A metallic silver and blue 280zx slinked over the road. Even at a crawl the car looked fast, as if any second it might disappear in a streak, but it didn’t and I turned away. I saw the big-belled wig through the windshield. In the dark cab, the face wore make-up. The body wore something soft, silky.

I pretended I didn’t see it.

“Who’s driving your dad’s car?” Mikey asked.

David looked over Mikey’s head and eyed me. He spat on a dry patch of dirt.

It was late summer and the sun was hot even at the end of the day. In the heat my stomach lurched. Acid churned up from my guts and into my throat. I shook my head to gain an extra second and the world spun the opposite way. It blurred like it must when someone falls from a great height and spins very fast.

I caught Mikey’s eyes and steadied myself.

“My mom,” I said.

“Oh?” David said.

“Really?” Mikey said.

“She’s back in town,” I lied. “I fucking hate her,” I said, my insides steel and cold as I spoke. They assumed I meant the woman who’d given birth to me, but I had not seen that woman in years.

Mikey and David nodded.

“Sorry, man,” David said.

Mikey said we should get the ball, and we dropped the subject.

As I walked home I passed under the sycamore tree. Up high hard green globes hung from their tethers. They always fell early in Knoxville. I kicked them across the street. They bounced over the road into the creek. We’d rocket them at each other hard enough that the collision left them busted and malformed on the ground. I picked one up and pitched it up at one still hanging in the mottled tree. I nailed it and the two orbs burst against each other, their furry insides mixing as the seeds floated down. I headed up the hill to my grandparents’ house.
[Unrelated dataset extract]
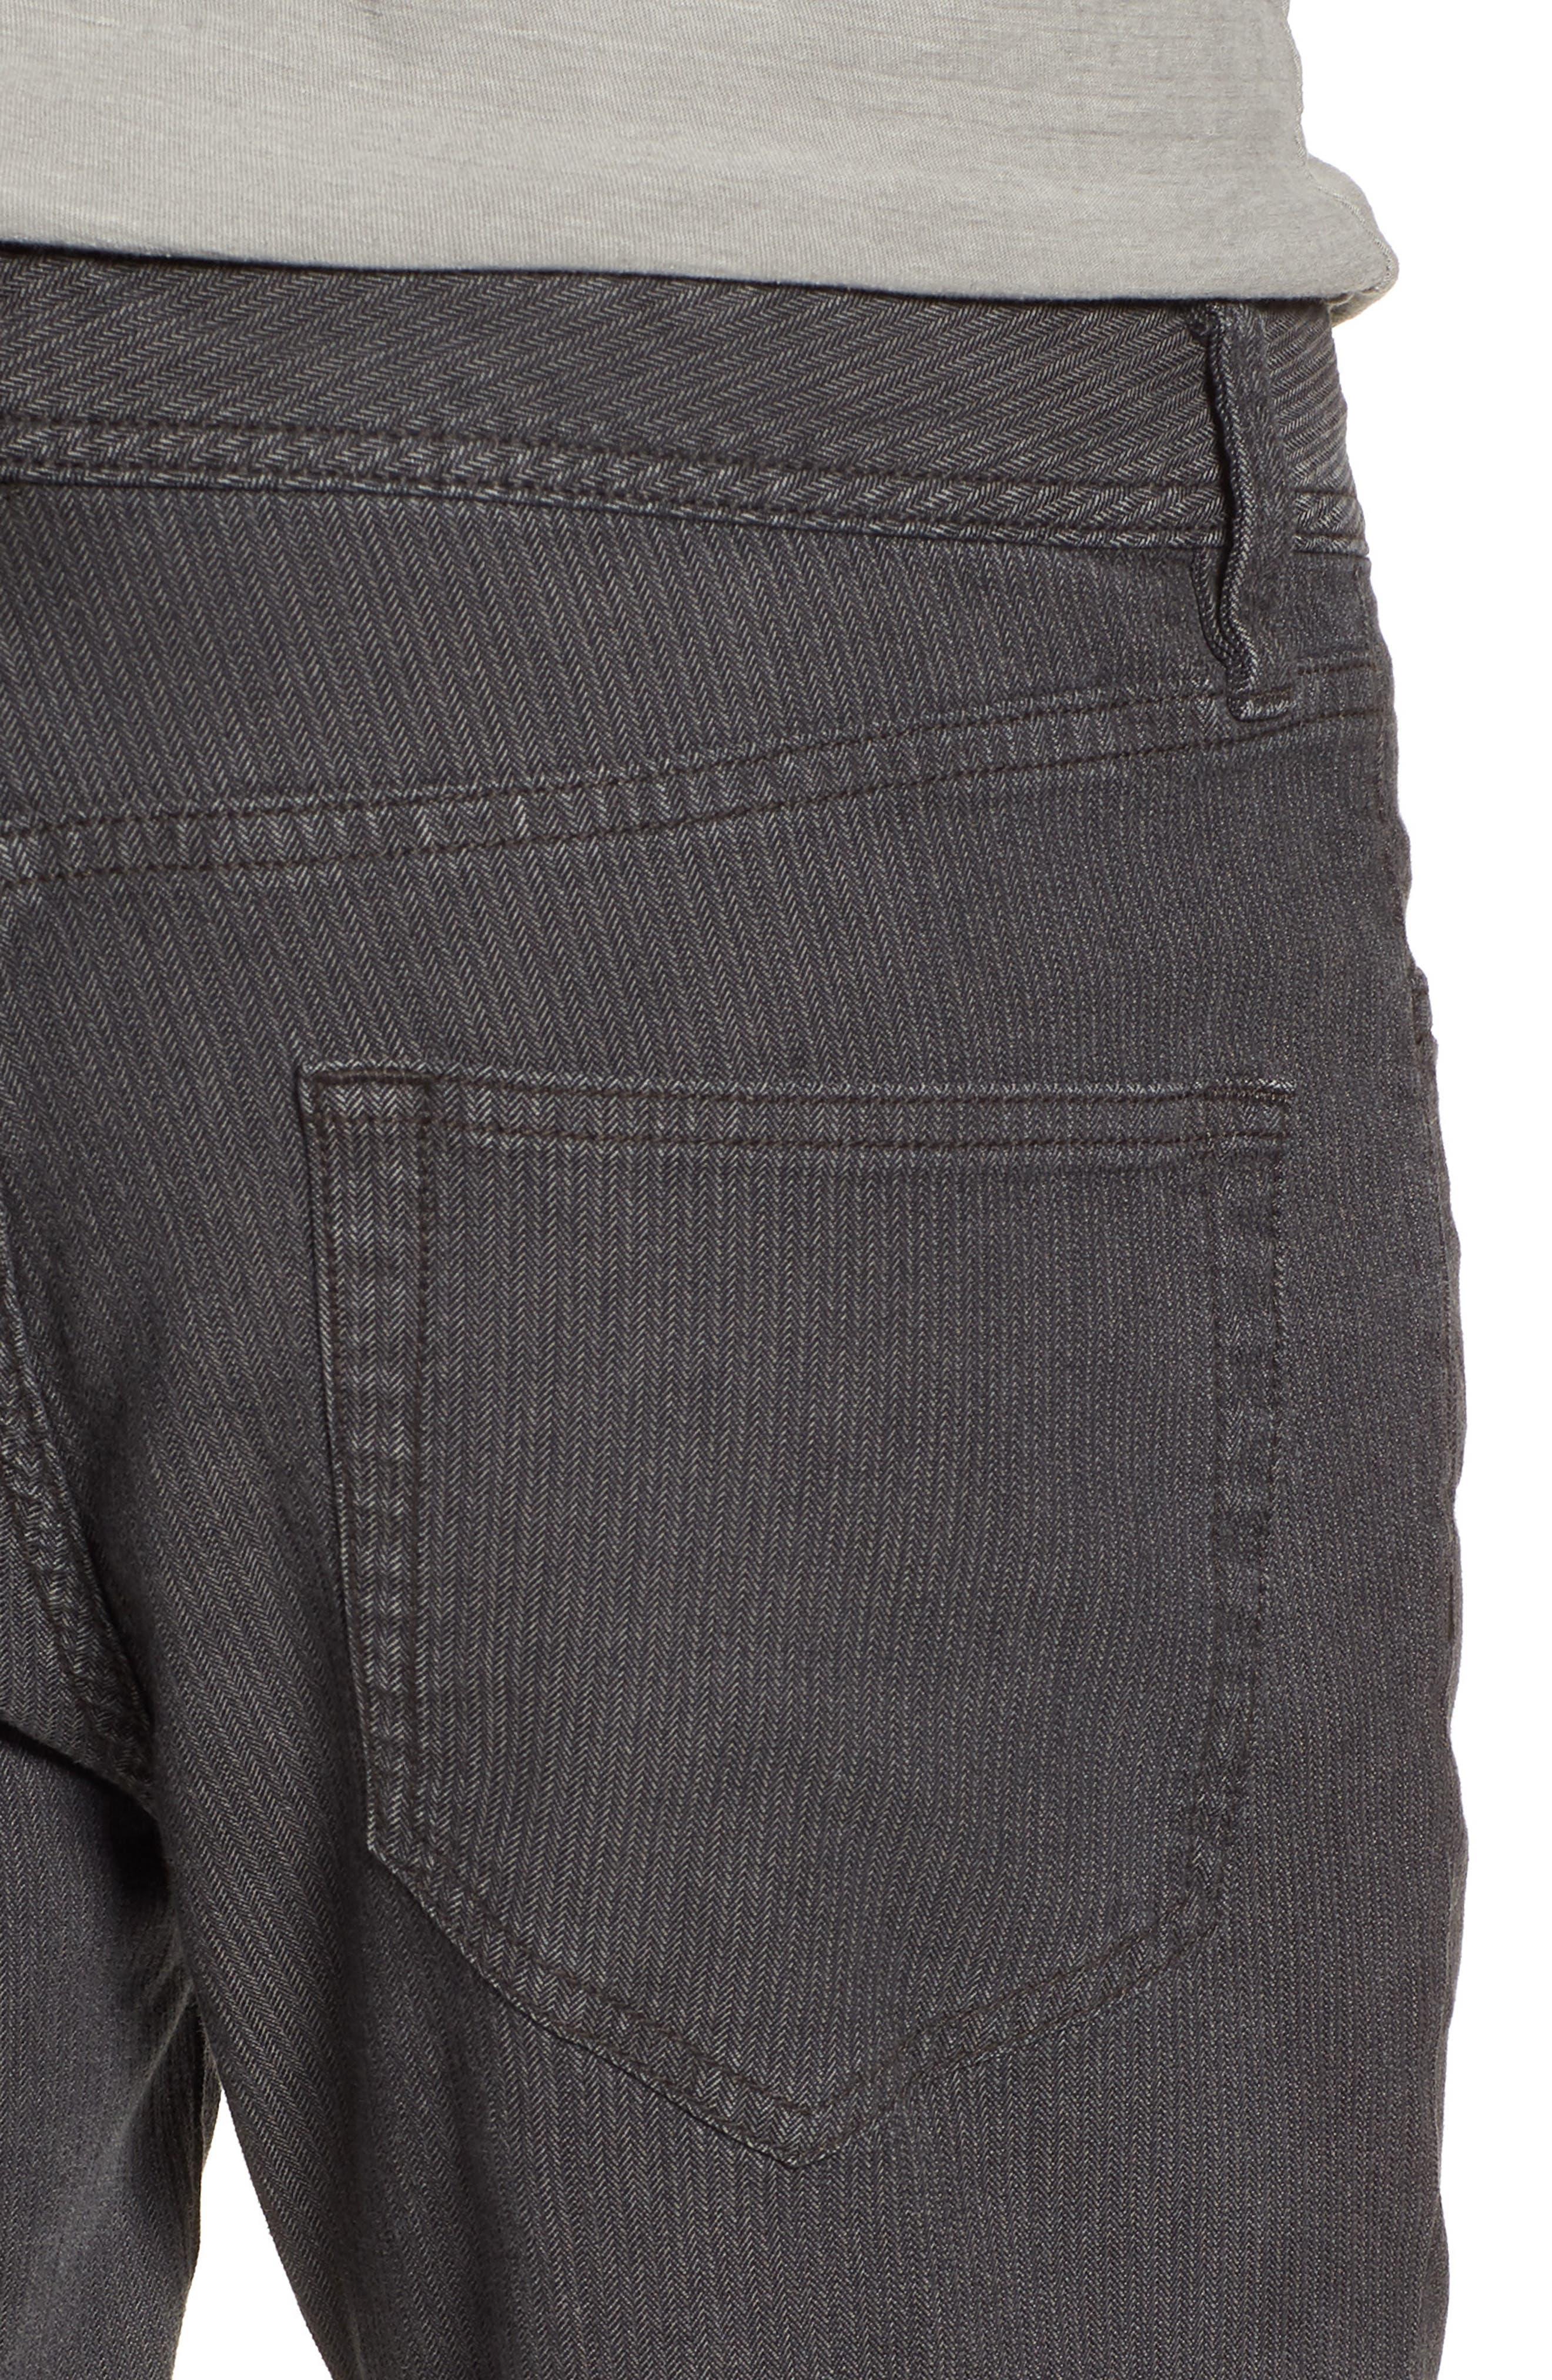 Alternate Image 4  - James Perse Slim Fit Stretch Herringbone Pants

My grandparents knew the person driving the car was my father, who had been living as a woman for six months. In a few days, she’d fly to Brussels—a place I couldn’t locate on a map, a place where surgeons could change a man into a woman. Sex Reassignment Surgery. I’d known about this procedure for four years and understood it for two.

We’d been living safely across town, but shortly after the beginning of sixth grade, we moved in with my grandparents. They agreed to watch me while my dad, now mom, was gone.
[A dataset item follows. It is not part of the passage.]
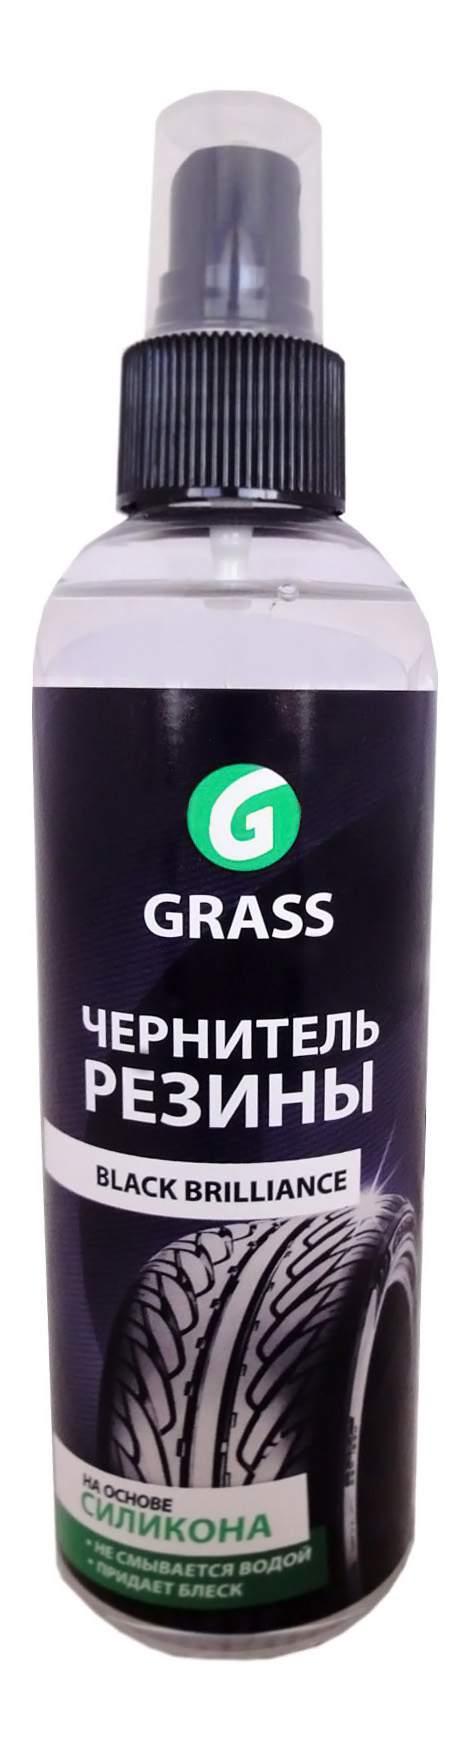 Чернитель резины GRASS Black Brilliance (0,5л)

Mom. I repeated the word over and over in my head, training myself until I spoke it like any other word.

When it was just me and Dad, it was only me and Dad who knew how we lived. The bottom dresser drawer stored lacey lingerie, the one above that blouses. Dresses hung in the back of the closet. In the trunk at the foot of the bed were bras with silicone breast inserts.

At home we were ourselves. At home we said and felt what we wanted. At home we lived in safety. Outside, we were just another son and father, watching other faces for any hint that we acted otherwise.

Our world was a place where we wore jeans in the summer because Dad’s legs were shaved. I didn’t beg him to come in the swimming pool or run through the sprinkler. On Saturday mornings we wore big nightshirts and watched cartoons. I tucked my legs and arms inside so I was just a head poking out of a tent. Dad kept his down to his thighs to cover his frilly underwear. I knew how these things were secret, not how they were spoken.

For years we lived in this binary, and I kept it secret with Dad. When I left our home, those things lived in a dark part of my mind. At home we were ourselves. At home we said and felt what we wanted. At home we lived in safety. Outside, we were just another son and father, watching other faces for any hint that we acted otherwise.

When Dad started living as a woman, we were just another son and mother. But the new role wasn’t familiar. I didn’t look at her. I stared ahead and avoided eye contact. I fidgeted with my sleeves and clothes. Rigid, I squeaked out words like an actor terrified of looking at the camera. I dropped pronouns all together.

I rode along to her group therapy meetings. Afterward I stood while the attendees chatted before heading to their homes. An earlier rain still textured the parking lot pavement. The cars gleamed just a few feet away and we all huddled under the small overhead light hanging from the building’s awning. Mom smoked and so did most of the others. I kicked around on the asphalt testing for loose rocks. Most often, people said hello to me then went back to talking to Mom. But sometimes they praised me. They’d tell my mother that she was incredibly lucky to have such an understanding son who stuck by her. Not only stuck by her, but tagged along to her therapy meetings. I stood and nodded, scared I’d reveal something, that some tick would show how flimsy I really was. Each person who stood in that circle in Knoxville, Tennessee towered over me. My Mom risked her family, her friends, her career, and—this is no stretch to say even now—her safety to live in comfort, in the skin her marrow screamed for. It should have been easy to be proud of her at any moment, on any clock. But I couldn’t. When I left that world, I pushed away those thoughts and kindnesses because it was easier.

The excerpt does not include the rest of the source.